Según un estudio de Idealista, la renta que se consigue por la inversión en vivienda se ha incrementado hasta un 7,8% en el primer trimestre de 2018. La inversión inmobiliaria ofrece unas tasas de rentabilidad que triplican, como mínimo, a las que ofrecen los bonos del Estado a 10 años. Esto ha provocado un aumento de la inversión en activos inmobiliarios, lo cual ha despertado en la Administración tributaria sus ansias de vigilancia.

Las rentas que se obtengan a través del alquiler de apartamentos o viviendas turísticas están sometidas a tributación en el IRPF, en concreto, se imputarán como rendimientos del capital inmobiliario o como rendimientos de actividades económicas. Es importante saber las diferencias que contempla la ley para catalogarlas como un tipo de rendimiento u otro. Se imputará como rendimiento del capital inmobiliario cuando el arrendador se limite simplemente a la puesta a disposición del inmueble al alquiler, sin complementar este con servicios propios de la industria hotelera. La cuantificación del rendimiento del capital inmobiliario será, en primer lugar, las cantidades percibidas por el alquiler y, en segundo lugar, para los días que la vivienda no esté alquilada, se imputará una renta presunta, resultante de aplicar al valor catastral el 1,1% o el 2%, dependiendo de si dicho valor se encuentra actualizado en los últimos diez años o no.
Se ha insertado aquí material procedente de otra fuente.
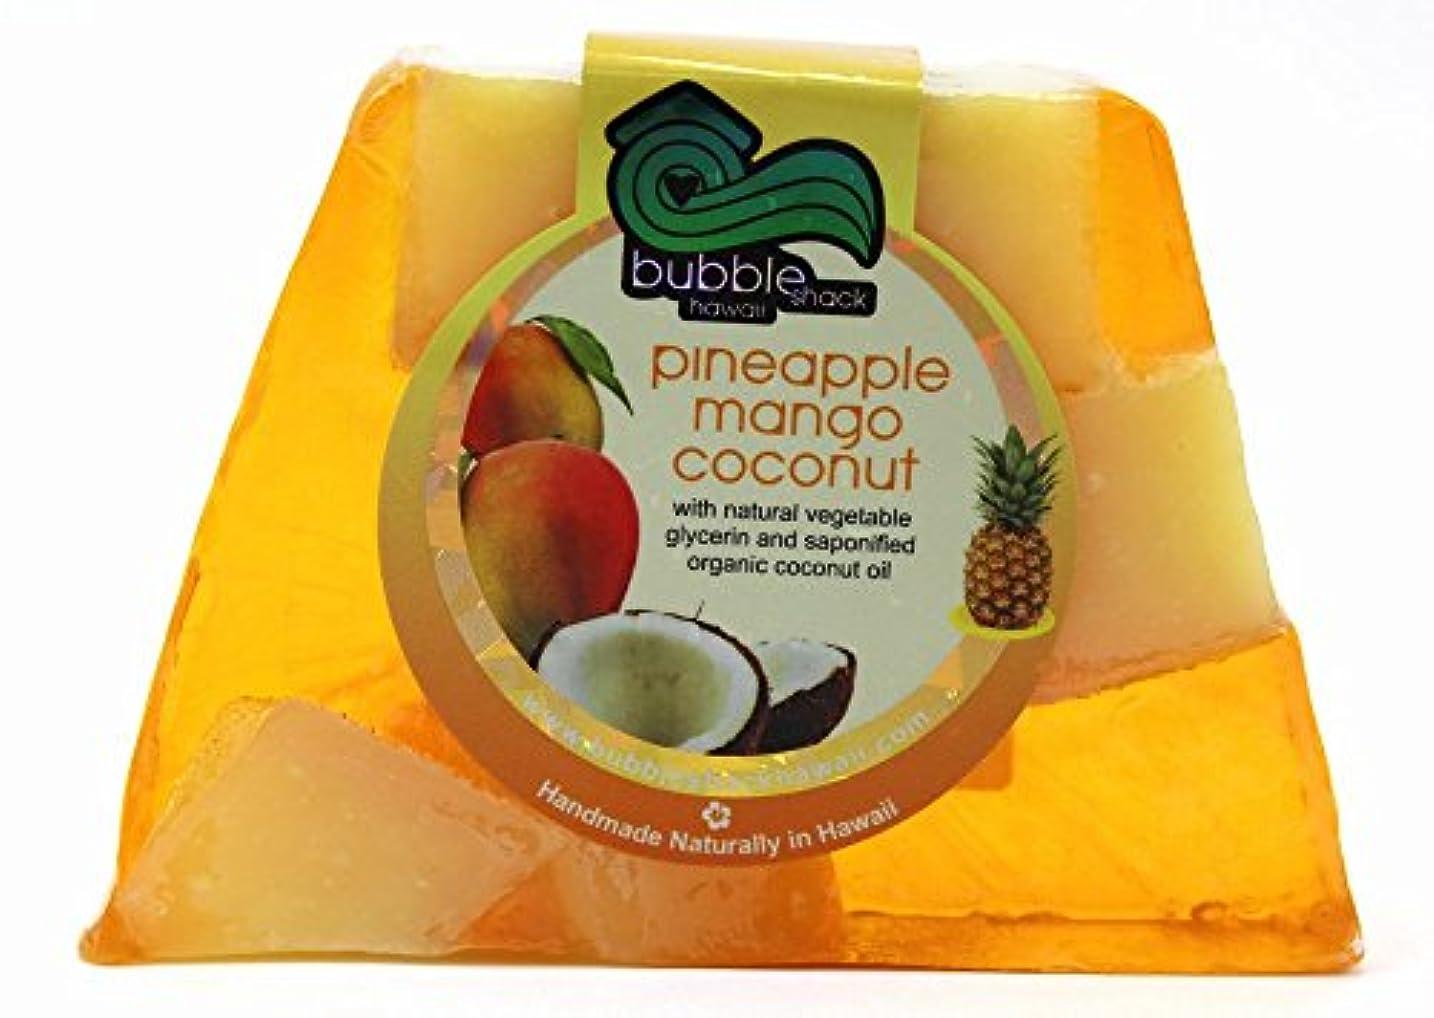 はぁフェリー大声でハワイ お土産 ハワイアン雑貨 バブルシャック パイナップル チャンクソープ 石鹸 (マンゴーココナッツ) ハワイ雑貨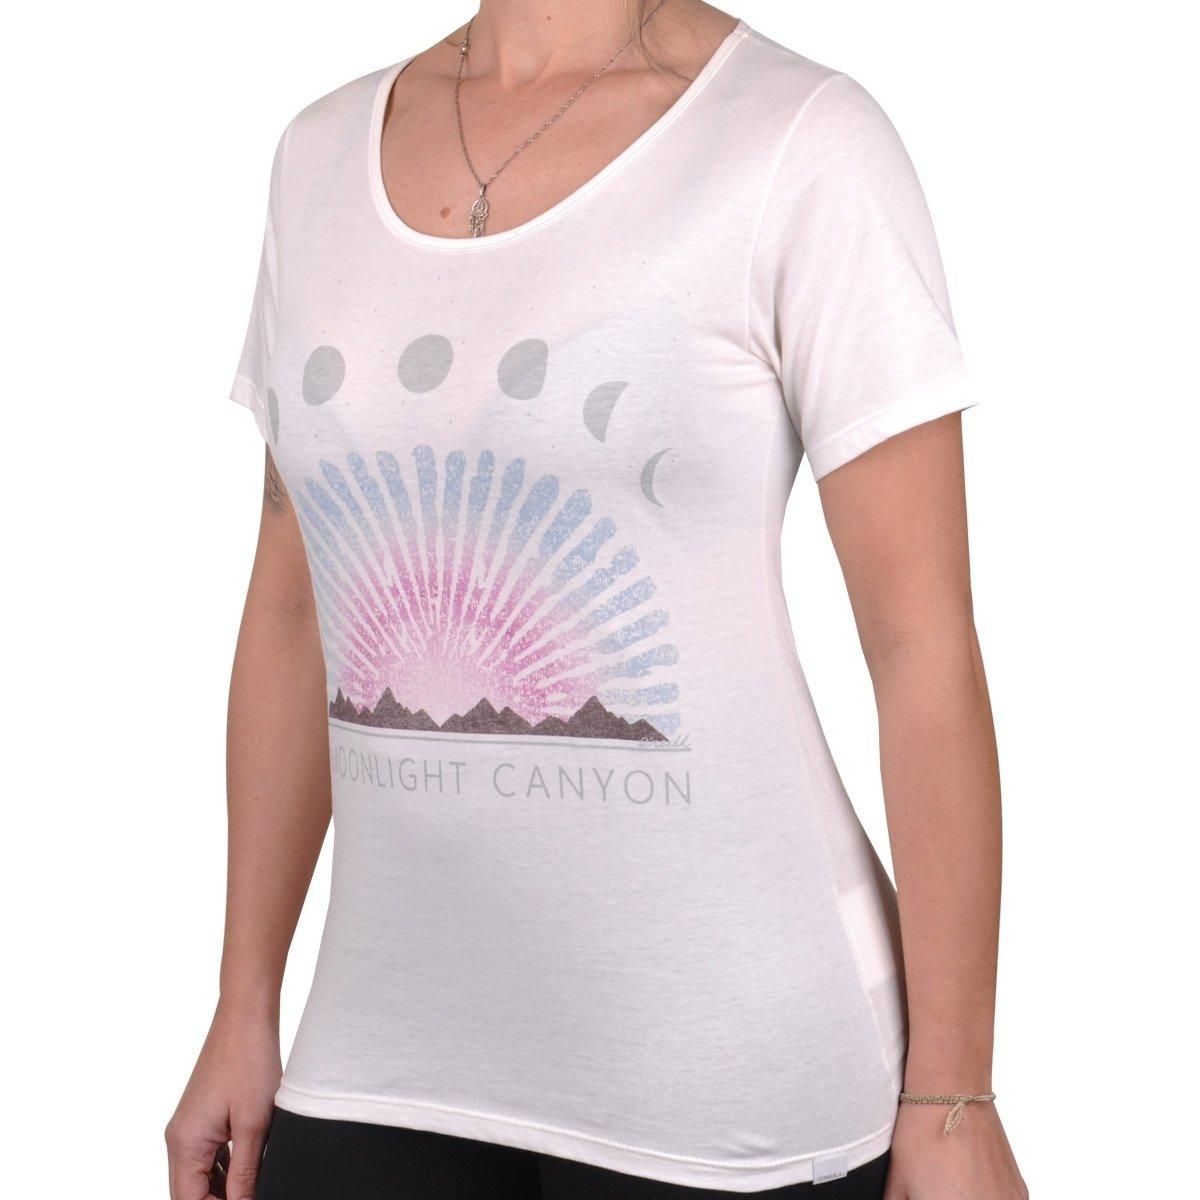 Palm Pretty Feminina Camiseta O'neill Camiseta Palm Branco Feminina O'neill Pretty rrfxYq0

Hay que tener en cuenta que el arrendador podrá reducirse de los rendimientos generados, aquellos gastos necesarios para la obtención del ingreso. A título de ejemplo se incluirían: los tributos, intereses de capitales invertidos en la adquisición o mejora del bien, los saldos de dudoso cobro, las cantidades destinadas a la amortización del inmueble, etc.

Respecto a la imputación por rendimientos de actividades económicas, está dará lugar cuando el arrendamiento se complementa con prestaciones de servicios propios de la industria hotelera, tales como restaurante, limpieza, etc. También tendrá dicha calificación de rendimiento, cuando se disponga de una persona empleada con contrato laboral y a jornada completa.

Conviene destacar que, con efectos desde 1 de enero de 2018, entró en vigor la obligación de informar con carácter trimestral sobre la cesión de uso de viviendas con fines turísticos por parte de las denominadas “plataformas colaborativas”.

Como consecuencia de lo expuesto anteriormente, en el momento de realizar la declaración de IRPF, el obligado tributario debe tener en cuenta que la Administración tributaria dispondrá de los datos del arrendamiento.